Na mesma época, o cardiologista de Whitney reduziu sua dosagem de betabloqueador pela metade; Whitney sentiu uma dor intensa quase imediatamente. Um ecograma mostrou que seu coração, embora não estivesse mais dilatado, ainda não estava bombeando corretamente. Ela perguntou ao médico se a dor poderia estar relacionada à mudança na medicação. “Ele me disse:‘ Não entendo por que você ainda está fazendo perguntas ’”, diz ela. “'Você deveria estar feliz por seu coração ter voltado ao tamanho normal. A realidade é que você é uma mulher negra, então provavelmente só tem hipertensão. '”

Whitney entrou em pânico. “Eu estava começando a achar que poderia não estar por perto para criar minha filha”, diz ela. Finalmente, ela descobriu um grupo PPCM no Facebook, por meio do qual se conectou com James Fett, MD, cardiologista e pesquisador líder do PPCM, que a encaminhou a um colega próximo. Whitney contatou o médico usando seu e-mail da universidade; ele respondeu imediatamente. Aproximadamente 12 semanas após sua investigação inicial, os testes confirmaram que sim, ela tinha PPCM.
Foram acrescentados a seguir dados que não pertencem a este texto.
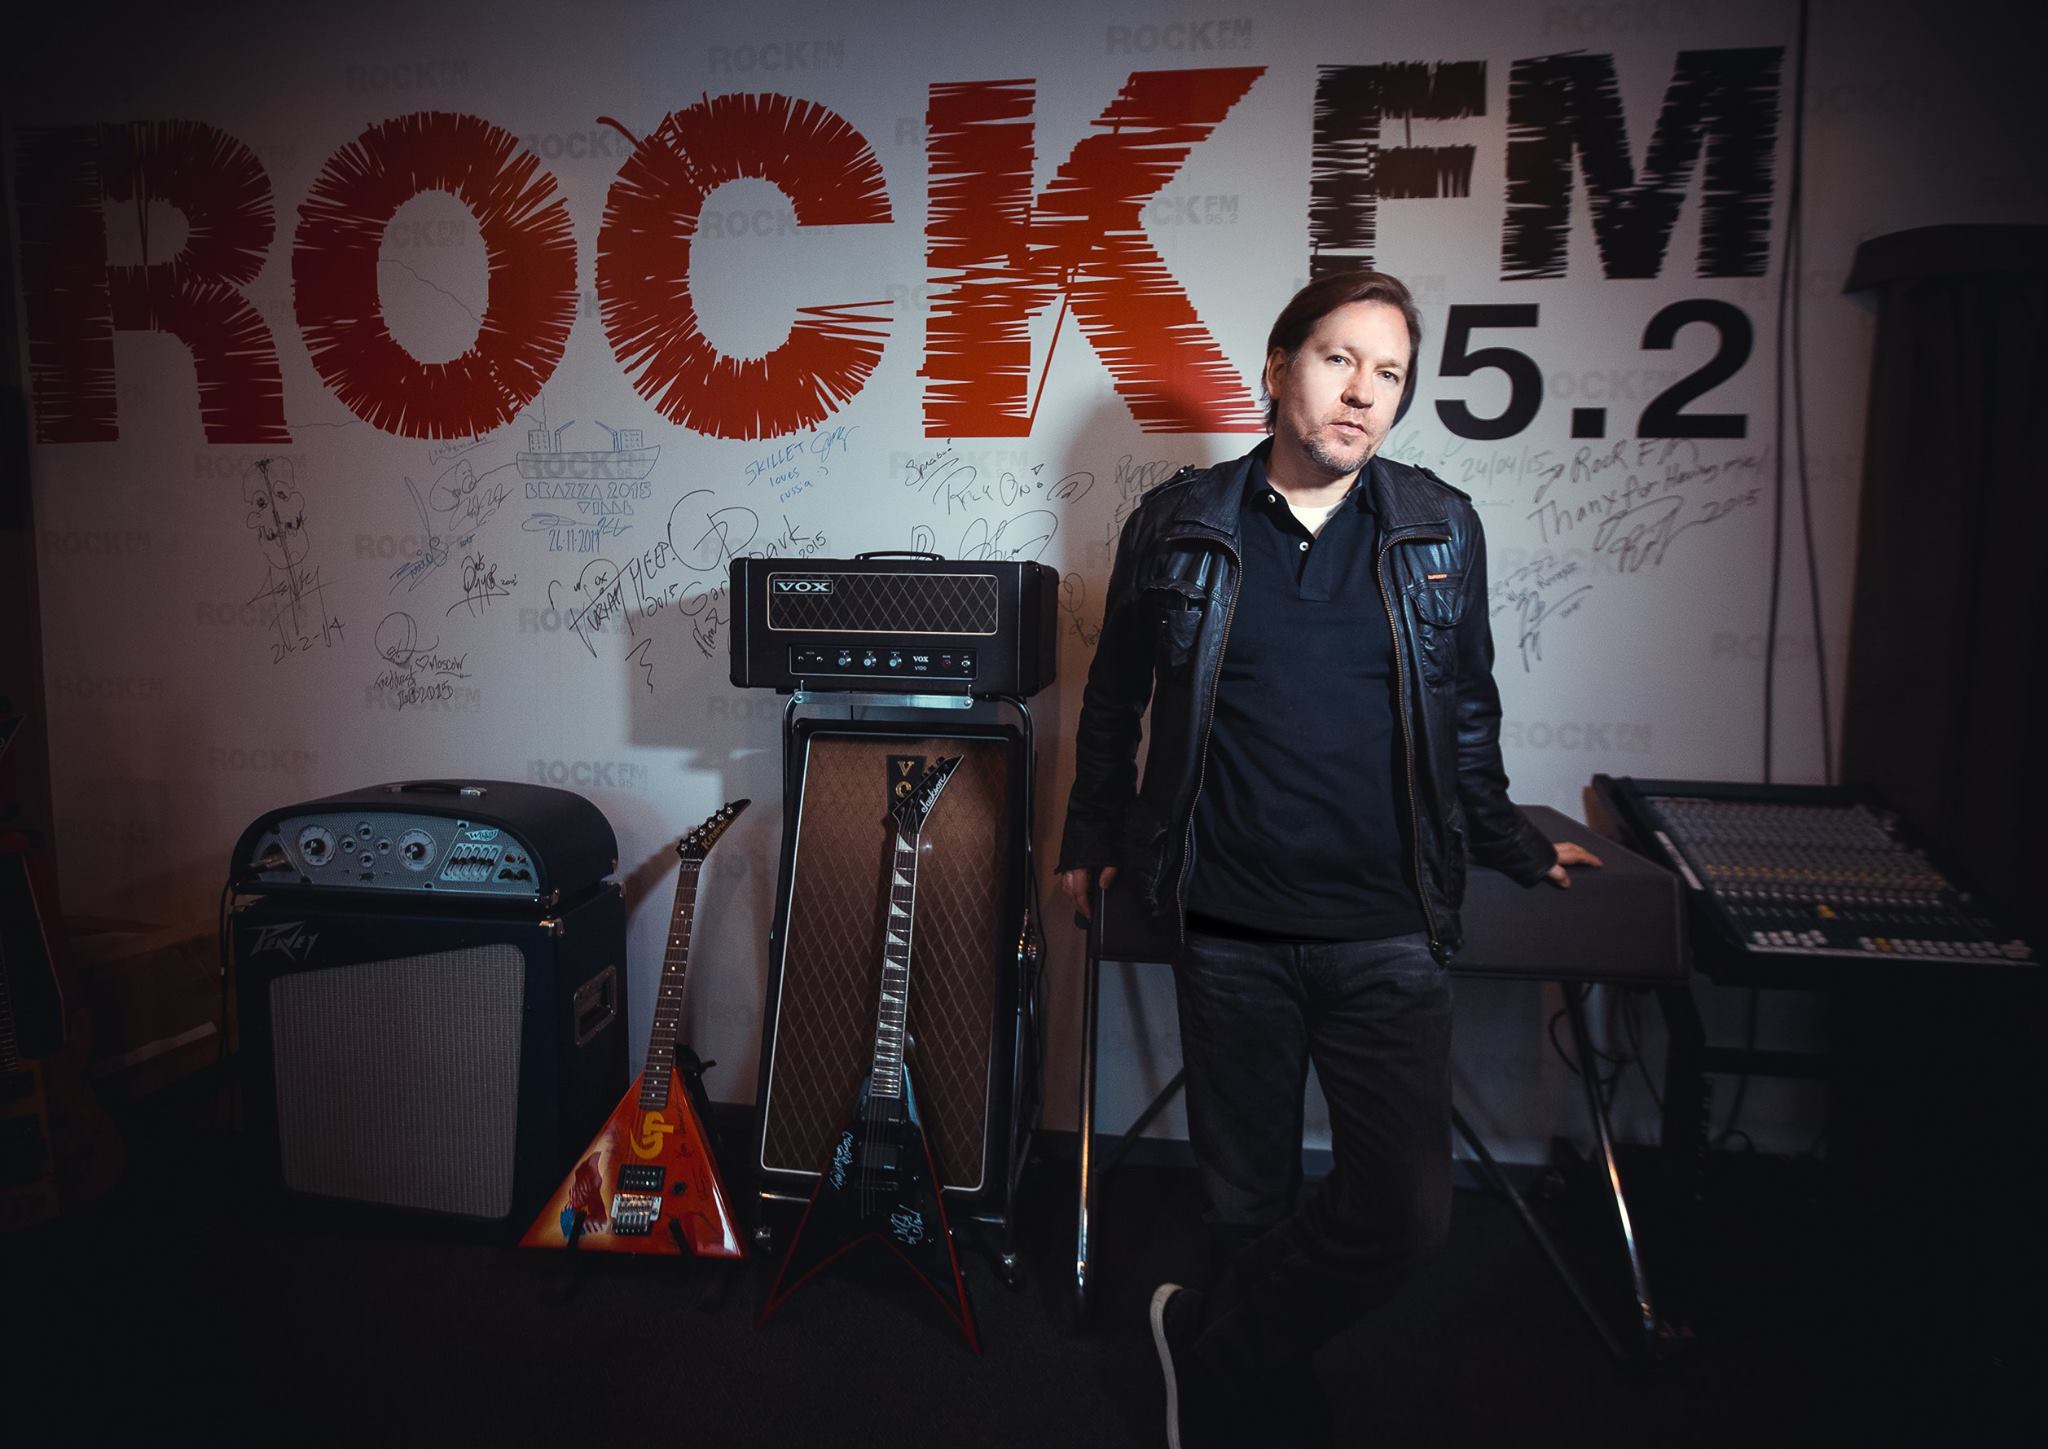 На фото - радиоведущий Евгений Штольц, радиостанций Rock FM

O novo cardiologista atencioso de Whitney tratou eficazmente sua condição. E quando a poeira baixou, ela começou a consultar um terapeuta para ajudá-la a processar a experiência. “A maneira como os médicos e enfermeiras ignoraram minhas preocupações me fez sentir muito degradada”, diz ela. “Meu marido e eu gostaríamos de ter mais filhos, mas não sei se arriscaria meu corpo de novo assim. Eu realmente não sinto que as instituições de saúde foram criadas para proteger as mulheres negras. ”

“Você foi corajoso”, as pessoas dizem quando conto a história da minha alta cirúrgica e o que tive de fazer para me defender. Mas não me senti corajoso no momento, e ainda não me sinto. Eu estava simplesmente tentando sobreviver. Essa é a realidade de ser uma mulher negra lidando com o sistema de saúde deste país. Muitas vezes, temos que ir mais um quilômetro - muitos quilômetros extras - apenas para garantir que obteremos o nível básico de tratamento a que todos têm direito. E o tempo todo, temos que nos perguntar: Fui maltratado por causa da minha raça?

É um negócio exaustivo - e assustador, considerando que nossa saúde está em jogo. Penso na frase de Toni Morrison: “A função, a função muito séria do racismo ... é a distração. Isso impede você de fazer seu trabalho. ” Depois que uma doença ou condição médica nos leva a um consultório médico ou hospital, nosso trabalho, nosso foco, deve ser a cura. Não lutar contra os maus-tratos sistêmicos que ameaçam nossas próprias vidas.

Esta história apareceu originalmente na edição de outubro de 2018 da O.